Я добежал до перекрёстка, где сходились наши позиции с соседскими – туда лишившийся бронетехники немец направил толпу пехоты: прямо в лоб, густо, отчаянно. Мы встретили их огнём в упор из всего, что было.
В угловом доме на перекрёстке засели трое автоматчиков – прорвались раньше остальных, засели за выбитым окном и держали улицу, не давая нашим подняться. Я обошёл дом с торца, где стена была глухая, глянул в пробитый снарядом пролом – пусто, дальше комната, дверной проём, из‑за которого доносился немецкий говор. Выдернул чеку, отсчитал два и швырнул в проём – рвануло глухо, запахло толом. Вошёл следом, добил то, что ещё шевелилось. Один успел выстрелить, и я запоздало порадовался тому, что пуля прошла мимо.
Вернулся на улицу, а там уже дошло до штыков. Я расстрелял диск, схватил чужой автомат с убитого, стрелял дальше, пока патроны не кончились и там, а потом бил прикладом вместе со всеми, кто ещё стоял на ногах. Кто‑то рядом упал в снег, кто‑то поднялся, кто‑то так и остался лежать – считать было некогда.
Отбили. Немец откатился на этом клочке, оставив своих в снегу, но передышки не вышло. Я побежал вдоль своей линии проверять фланги – там, где держал Хасанов со своим автоматом, там, где Аман высматривал новый обход, там, где Пшённый молча перезаряжался, глядя перед собой пустыми глазами, и всюду было одно и то же: держатся, но на пределе.
Дзагоева я нагнал у самого стыка с соседями – он стоял в полный рост посреди своего участка, будто пули были ему не указ, и командовал так же, как утром говорил речь: коротко, весомо, без суеты.

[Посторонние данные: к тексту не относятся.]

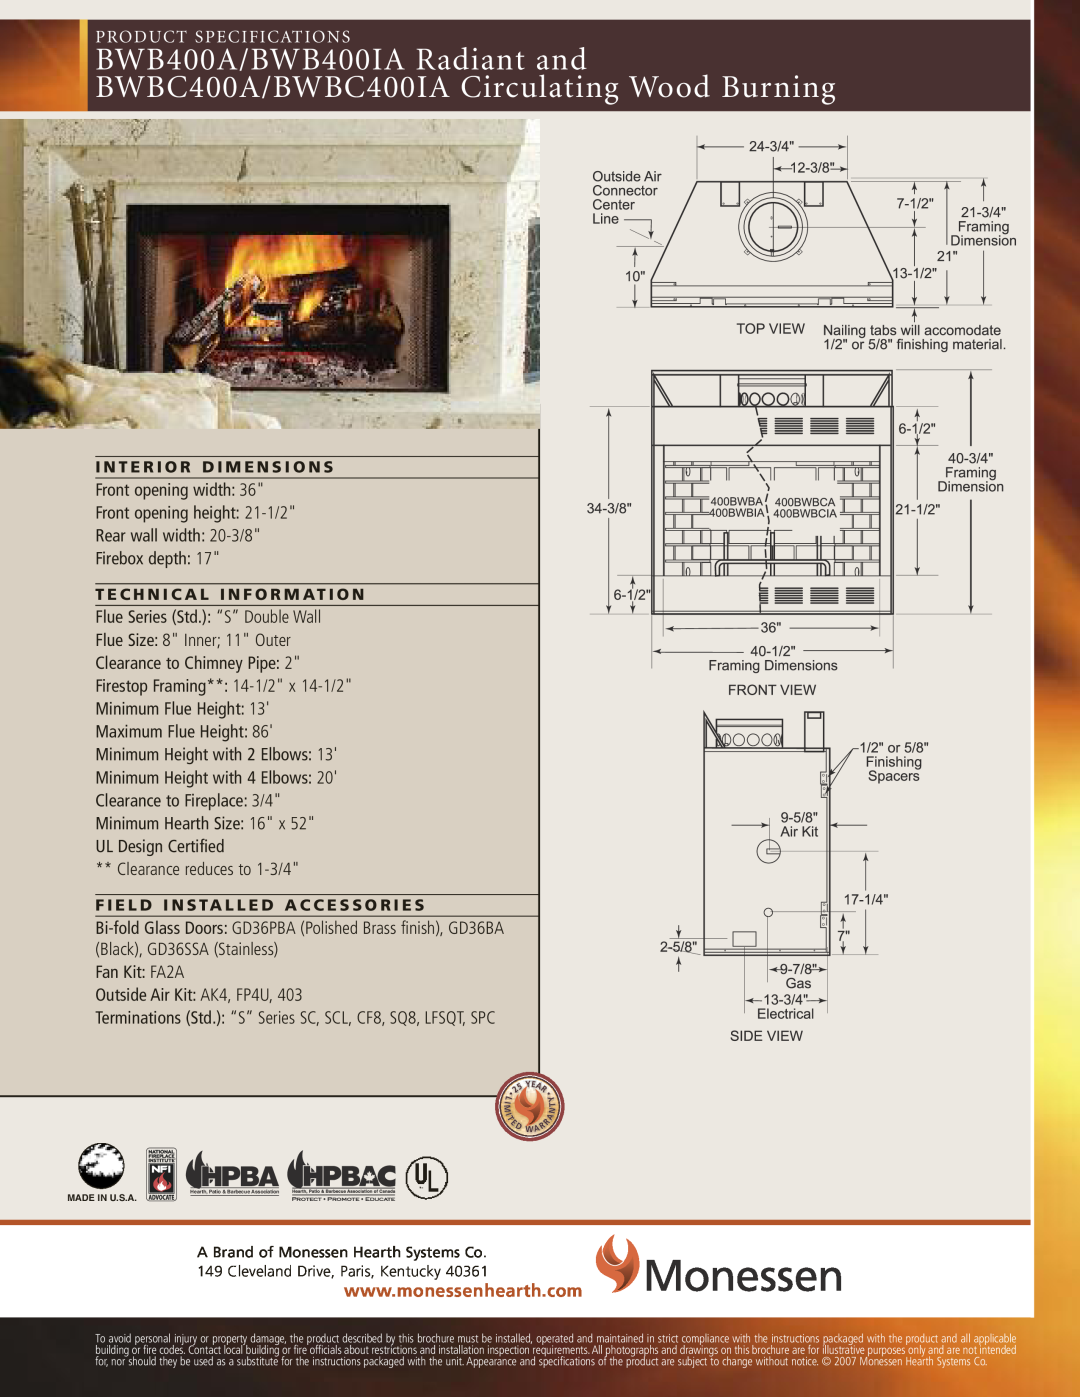 Monessen Hearth BWB400A, BWB400IA, BWBC400IA specifications Hpba, Product Specifications, Flue Size 8 Inner 11 Outer

Рядом с ним залёг ротный пулемётчик, и майор, не оборачиваясь, указывал ему стволом, куда бить, будто сам был прицелом.
– Держи фланг, капитан! – крикнул он мне, увидев. – У меня своя забота!
Я не спорил – у него и вправду забот хватало без меня.

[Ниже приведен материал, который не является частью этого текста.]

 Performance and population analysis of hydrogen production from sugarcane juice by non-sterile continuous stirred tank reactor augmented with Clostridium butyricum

Тяжёлая машина, прорвавшаяся где‑то в стороне, вылезла из‑за домов и пошла прямо в наш тыл, к перекрёстку, туда, где лежали раненые. Догнать нельзя, обогнать нельзя, а бросить – значит отдать ей перекрёсток вместе с людьми, что там лежали.
Я вжался в угол разбитого дома, дал ей пройти мимо – огромной, ревущей, обдавшей меня жаром и вонью солярки, и, едва она подставила корму, выскочил следом. Десять шагов. Бутылка была при мне с начала боя, грелась за пазухой. Догнал, размахнулся, швырнул на дышащую жаром решётку моторного отделения. Стекло брызнуло, смесь потекла в нутро – и танк вспыхнул весь разом, от кормы, свечой. Он ещё прополз по инерции несколько метров, уже полыхая, и встал. Люки не открылись.

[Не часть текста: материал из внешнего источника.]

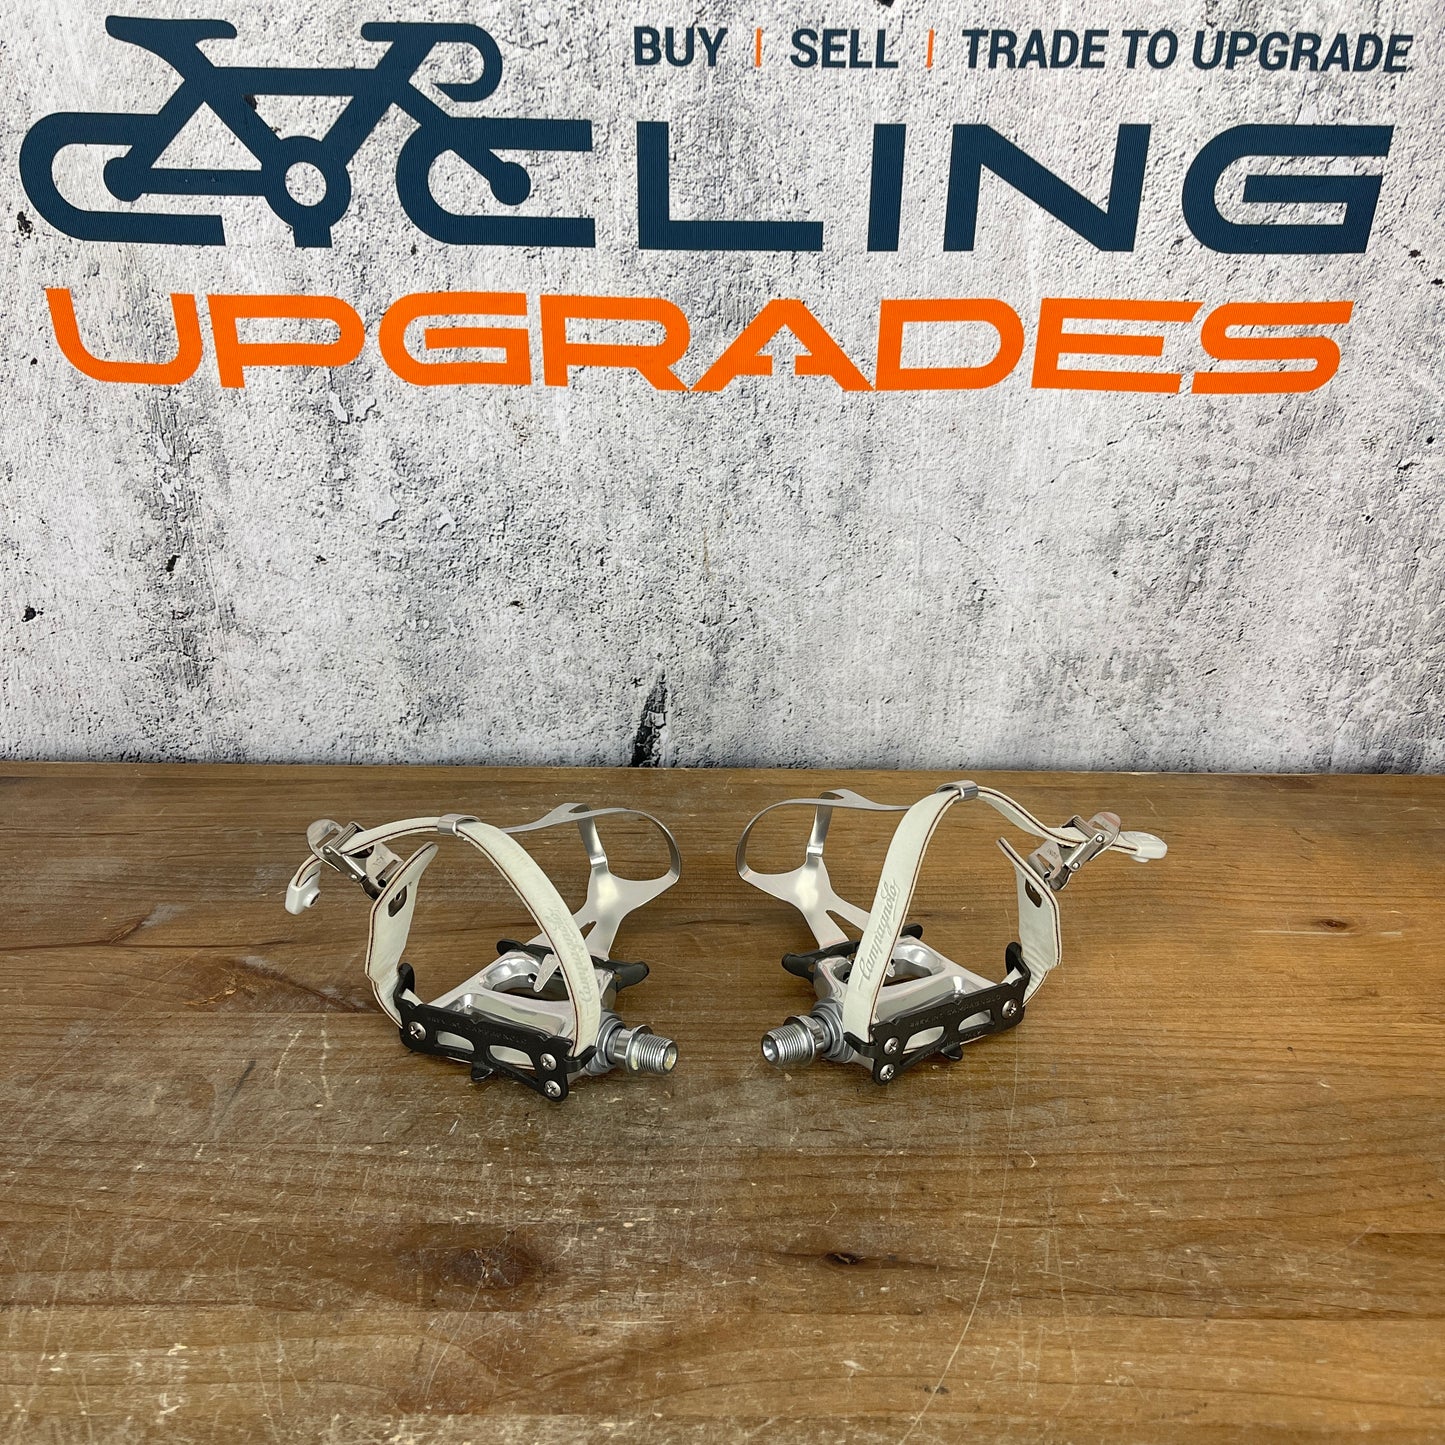 New! Vintage Campagnolo C-Record Pista Track Pedals w/ Toe Clips & Campy Straps

Я не успел даже отдышаться – на перекрёсток, откуда‑то сбоку, снова полезла пехота, и я побежал туда, где недоставало рук, крича, чтоб подтягивались все, кто ещё держится на ногах. Бой уже не делился на куски – он тёк одним потоком, из конца в конец нашей линии, и я тёк вместе с ним, от очага к очагу, туда, где прожигало насквозь.
К сумеркам немец выдохся. Последний его наскок был самым отчаянным – будто он и сам понимал, что другого раза не будет. Пехота пошла на нас без брони, без прикрытия, почти в рост, и мы клали их шеренга за шеренгой, а они всё равно шли, пока не кончились совсем. Где‑то за их спинами коротко простучала ракетница – зелёная, потом красная – должно быть, сигнал отхода, который дошёл слишком поздно для передних рядов. Дед Пантелей, ворчливый запасник, оказался рядом со мной в этот последний час и бил из трофейного карабина размеренно, прищурившись, показывая свой опыт гражданской войны.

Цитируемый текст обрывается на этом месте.